Product knowledge: #7 on the list of sales killers

by | Success ideas for work and life

Poor product knowledge is number 7 on the most wanted list of sales slaughterers. There are many many ways to kill a sale and salespeople use most of them in a career. I have murdered my fair share of sales, I confess. We use silly personal quirks, the wrong words, a foolish manner, a pandering attitude, a superior tone. A whole lot of our sales-murdering behaviours erupt out of our subconscious. When I give sales people an assessment on a botched sale, they are normally horrified to think they could utter or do such wacky things.

There are 7 sales killers that out-murder all the others – and they are all controllable.

Product knowledge is one sales killer you can control

You dress nicely, you roll up to work on time, you don’t take long breaks, you keep things in place, you know how to process an order – good on you! But if your product knowledge were made of gunpowder you wouldn’t have enough to blow your hat off.

You will see this in a wide range of salespeople from PFKs in cafés (pimply faced kids) who don’t know how much sugar is in the gluten-free gateau through to the lighting salesperson who doesn’t know how the depreciation of trapped light, protective covers, inefficient ballasts, and unfavourable operating temperatures affects HID carpark lighting systems vs LED systems.

Ask the experts:

    • talk to the engineers, the cooks, the suppliers, the designers, the other users.

Read all about it:

    • read the product instructions, the fliers, the box packaging, the website write-ups.

Go out of your way:

    go to trade shows and product launches and don’t drink anything. Come away armed with know-how.

 

How you use product knowledge is the sales killer you have to control

You know I am adamant about this: Salespeople talk too much.

You know how you are.

When you know something you love to show it off. When your tap is turned on we can’t shut you down. You give us a torrent of blather whether we want it or not.
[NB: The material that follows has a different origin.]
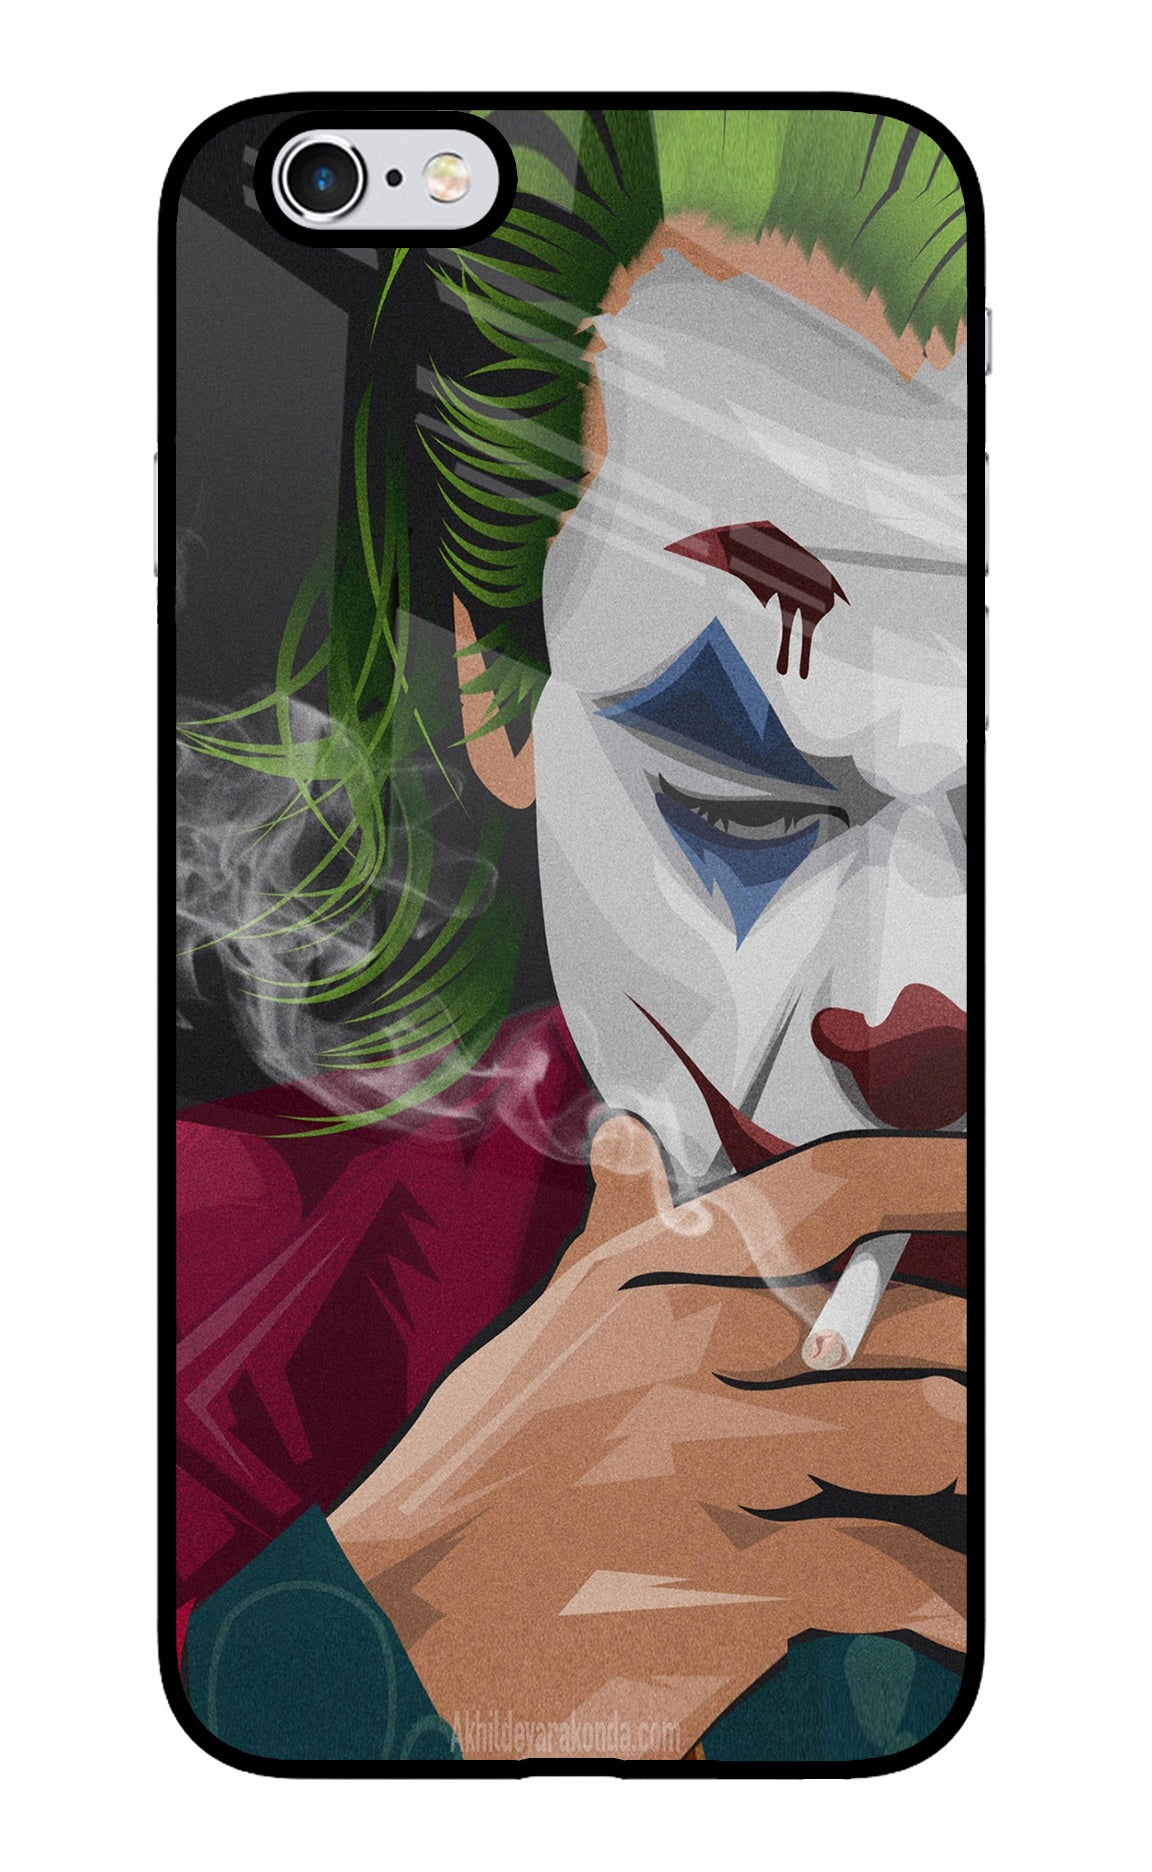 Joker Smoking iPhone 6/6s Back Cover

This makes you tiresome, overwhelming, boring, egocentric and not persuasive at all – even though you think you are being the most persuasive expert that ever was.

    • When your prospect asks how something works they might not want to know at all.

 

    • Ask your prospect how much information they want.

 

    Do they really want the whole laboratory research or just whether it’s easy to wipe over with a damp sponge.